= World Baptist Fellowship =

Separatist fundamentalist Baptist organisation

The World Baptist Fellowship (WBF) is a separatist fundamentalist Independent Baptist organization. The organization was founded by J. Frank Norris (1877–1952) of Texas, a southern fundamentalist leader in the first half of the 20th century. It is headquartered in Arlington, Texas.

== History ==
J. Frank Norris became a combatant in the fundamentalist/modernist controversy. He edited a paper entitled The Fundamentalist. Both the Southern Baptist Convention and the Baptist General Convention of Texas expelled Norris because of his controversial behavior. Norris, C. P. Staley and others formed the Premillennial Missionary Baptist Fellowship in 1933 at Fort Worth, Texas. In 1938, the name was changed to World Fundamental Baptist Missionary Fellowship and then to World Baptist Fellowship (WBF) after the schism that created the Baptist Bible Fellowship International in 1950. The WBF was again divided in 1984, when a group led by Raymond W. Barber established the Independent Baptist Fellowship International and the Norris Bible Baptist Institute.

Arlington Baptist University (the Fellowship's official educational institution) was founded in 1939 as Fundamental Baptist Bible Institute.
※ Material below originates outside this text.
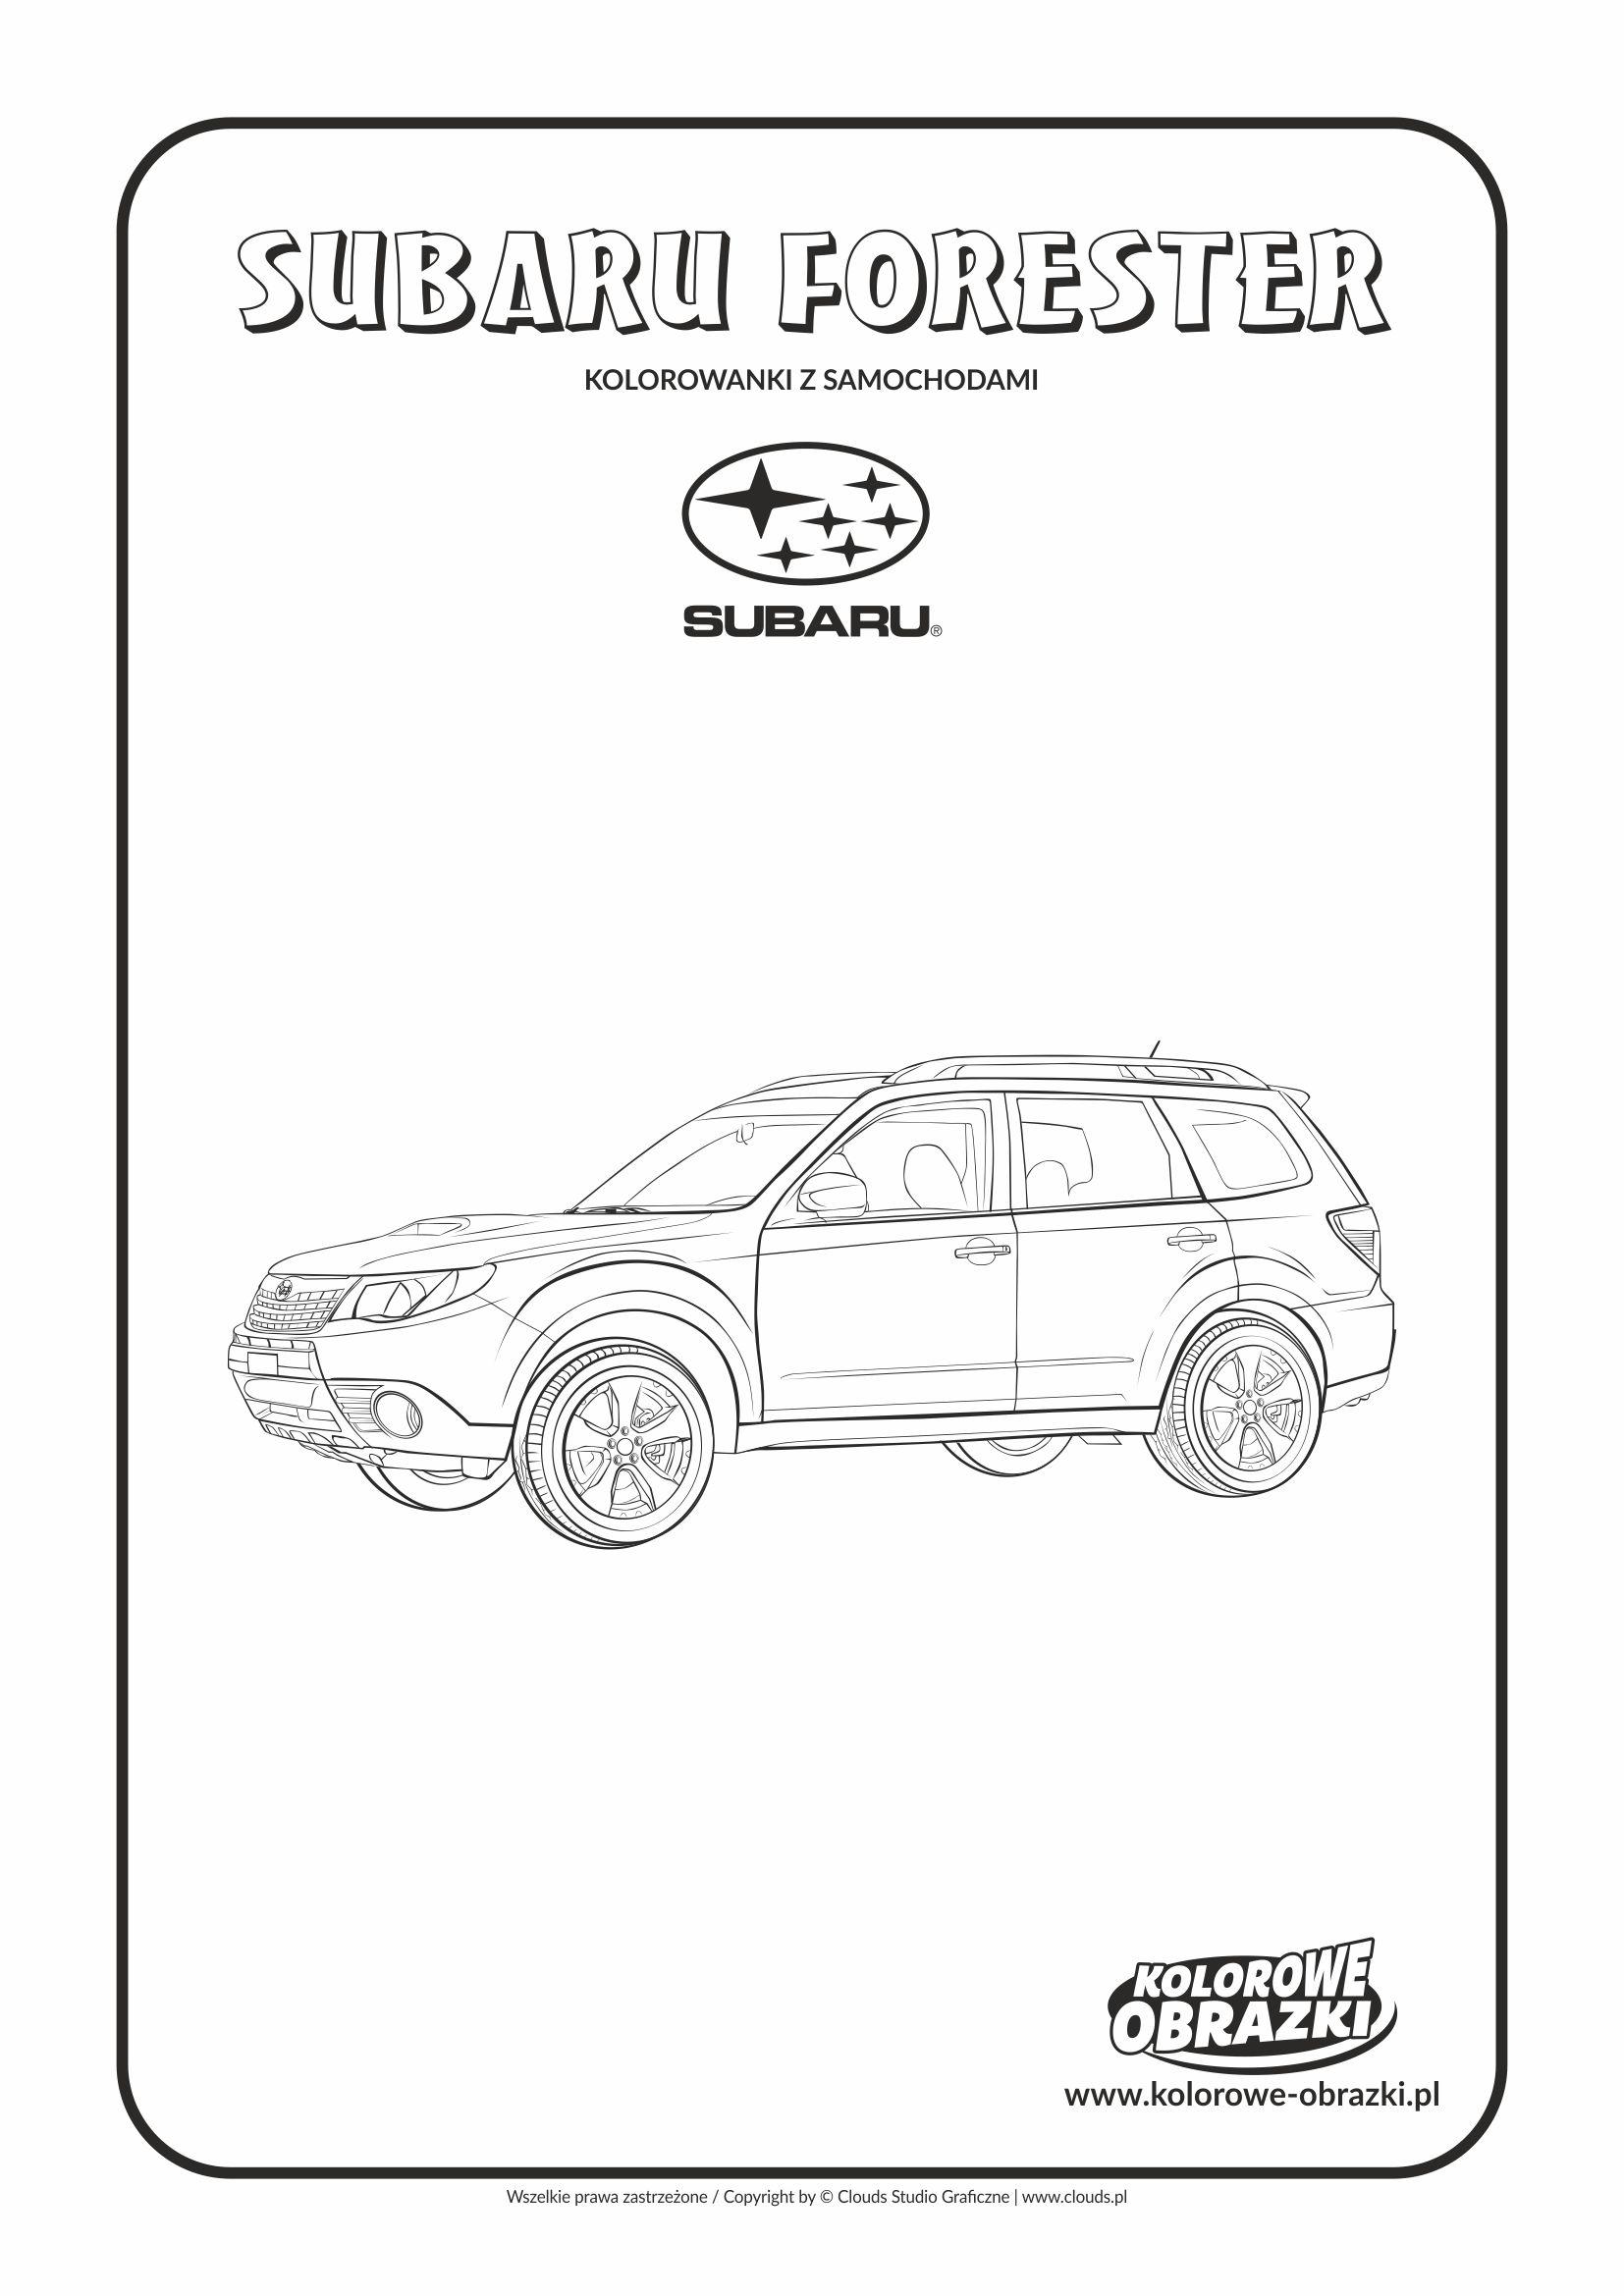 Kolorowanki dla dzieci - Pojazdy / Subaru Forester. Kolorowanka z Subaru Forester

The World Baptist Fellowship had 945 churches in 1995, with its primary strength in Texas, Florida and Ohio. More than half of these churches also participate in other independent fundamental Baptist fellowships.

==Organization==
The WBF considers itself a missions agency. Its missionary work is headed by the Mission Committee, whose members are nominated by the existing committee and approved by the General Assembly in annual meeting. In 2003, the WBF had 85 approved missionaries. National Fellowship meetings are held twice per year.